The company has previously denied allegations that they have intimidated anyone affected by the project.
It wasn’t until 19 December, after pleading to the judge that they were missing exams and graduations, that the group was granted bail and released from Luzira. But their ordeal was far from over.
Abello says the activists have continued to receive threats, while some have had their homes broken into and raided. Three of the young activists spent several weeks in hospital after their release due to the injuries sustained in jail. Others have lost their homes because they were no longer able to pay the rent. Abello has been living with a friend since his release.
‘I feel ashamed to burden my friend, but I have nothing,’ he says. ‘Last week, I had to borrow money for medical treatment. Even paying for food is a problem. We have not had any support or help from our universities.’
The group are also struggling to find part-time work.
‘Our names are ruined to our parents,’ Abello says. ‘We can’t get jobs. We have no funds. I keep trying to give my friends hope. I always tell them not to regret what they did because it is just the beginning. We have to protect our planet.’

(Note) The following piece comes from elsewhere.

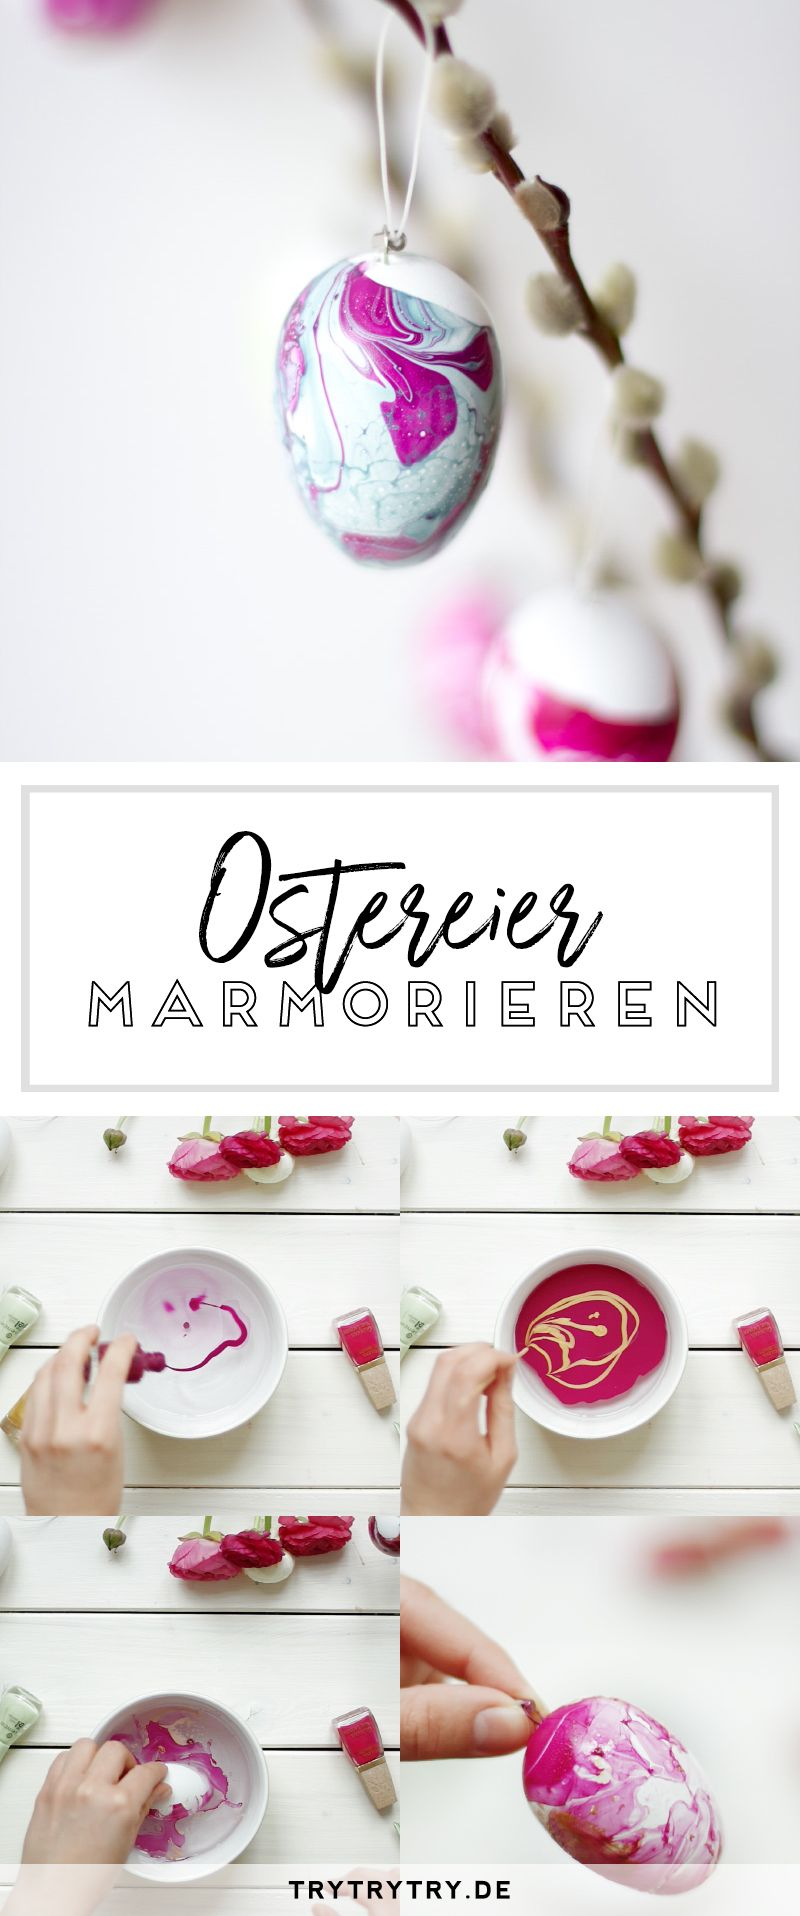 marmorierte ostereier diy geschenke pinterest marmorieren ostereier und ostern. Black Bedroom Furniture Sets. Home Design Ideas

As Abello awaits his court date on 7 February, in which the five defendants are pleading not guilty, he and his friends are worried about their futures.
But the activist’s fears extend beyond the personal consequences to himself. More widely, he worries a negative outcome could create a chilling effect on student climate activism.
‘The judge had said [that if we are found guilty] we shall act as an example to other students who try to stop the EACOP project.’ Nonetheless Abello remains defiant: ‘I continue to work to mobilize students to take non-violent action against EACOP because it is a way we fight for ourselves.’
'I always tell them not to regret what they did because it is just the beginning. We have to protect our planet.'
‘Silencing our voices’
Twenty-five-year-old Nyombi Morris was at a regular Friday climate justice protest with his brother in March 2021 when a police car pulled over.
‘They seized my brother and slapped us,’ he told New Internationalist. ‘They took away our phones and cardboard [signs] and threw us into the back of a police van. While my brother was sobbing, onlookers asked why we were being detained. The police threatened to put me in jail if they ever found me [again].’
Arrests like these are becoming more commonplace in Uganda, says Morris, who feels that climate activists are increasingly being ‘treated like criminals’. At least 30 environmental defenders, many of them students, have been arrested in Kampala and other parts of Uganda since 2021, according to Human Rights Watch.
‘Because of the widespread brutality, intimidation and unnecessary arrests, as well as the regime's opposition to anyone who identifies as an activist, we may see more voices falling silent,’ Morris warns. ‘[The government] don't want anyone to protest against anything that makes them money; even if the idea doesn’t work or the citizens aren’t happy with it.